Common Mistakes I Hit Wiring This Up
Three mistakes ate most of my debugging time on this part, and they’re the same three I see in every “my agent can’t call the tool” thread.
Common mistake: using
stdiotransport against an HTTP server. The client connects to nothing andget_tools()returns an empty list with no error. Match the transport to how the server actually runs —streamable_httpfor the deployed Ops Server.
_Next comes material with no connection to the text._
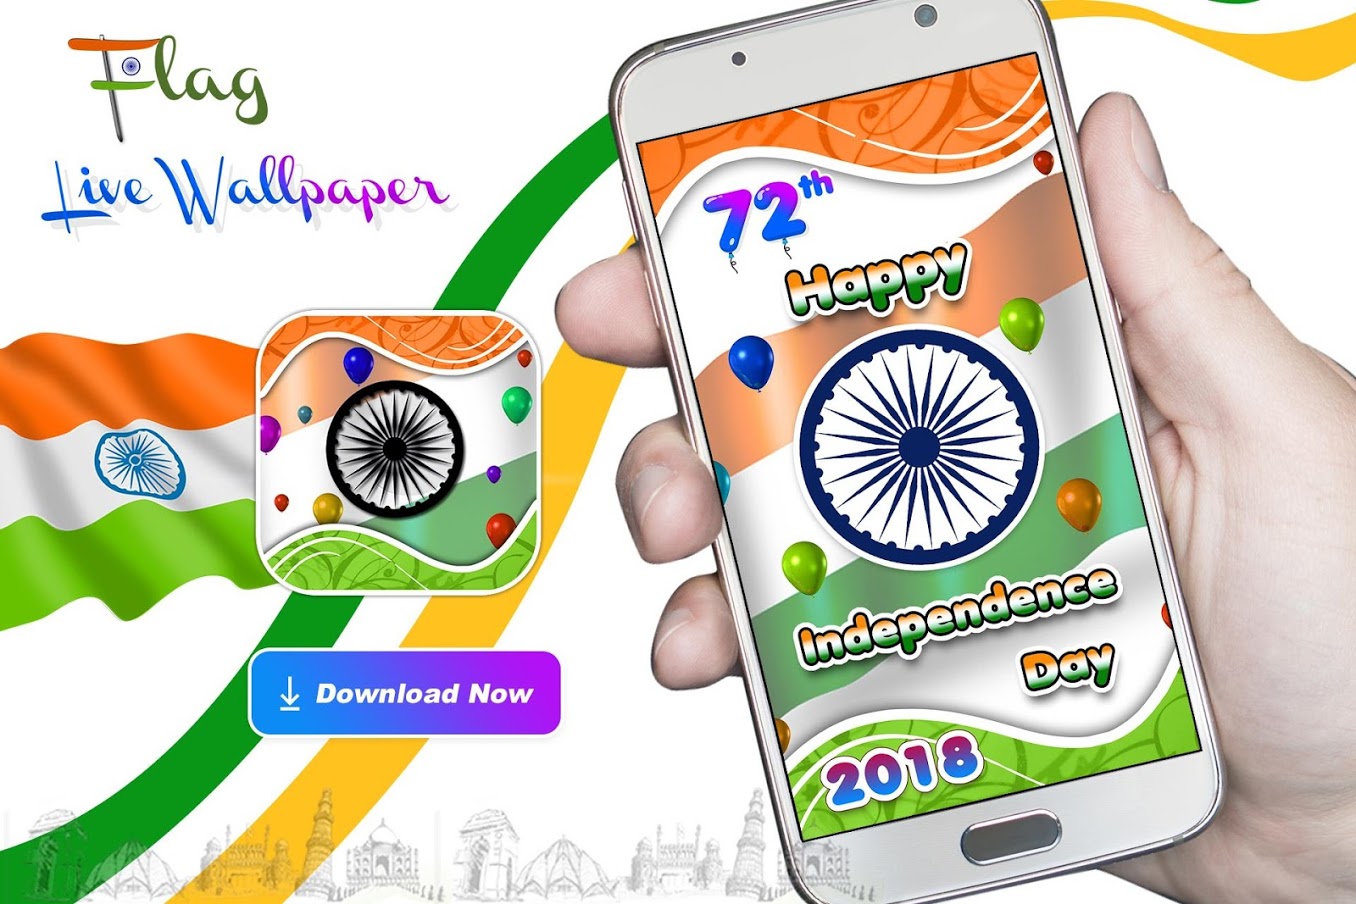 Indian Flag Live Wallpaper - Flag Independence Day India 72th - HD Wallpaper

The other two are quieter. A missing or expired token shows up as a 401 buried in the client logs, not as a friendly Python error — if get_tools() is empty, check auth before you touch anything else. And blocking calls inside an async agent: MultiServerMCPClient is async, so calling get_tools() without await (or from a sync function) silently returns a coroutine that never runs. If your tools list is a <coroutine object>, that’s the bug.
Testing It End to End
The test that proves it works is the intro question, now with a real answer. Start the Ops Server, export OPS_MCP_TOKEN, then run the agent and ask “How much disk is left on the ops box?” A working setup does three visible things: get_tools() prints ['disk_usage', ...], the agent’s trace shows a disk_usage tool call, and the final answer contains a real number from your machine — not an invented one.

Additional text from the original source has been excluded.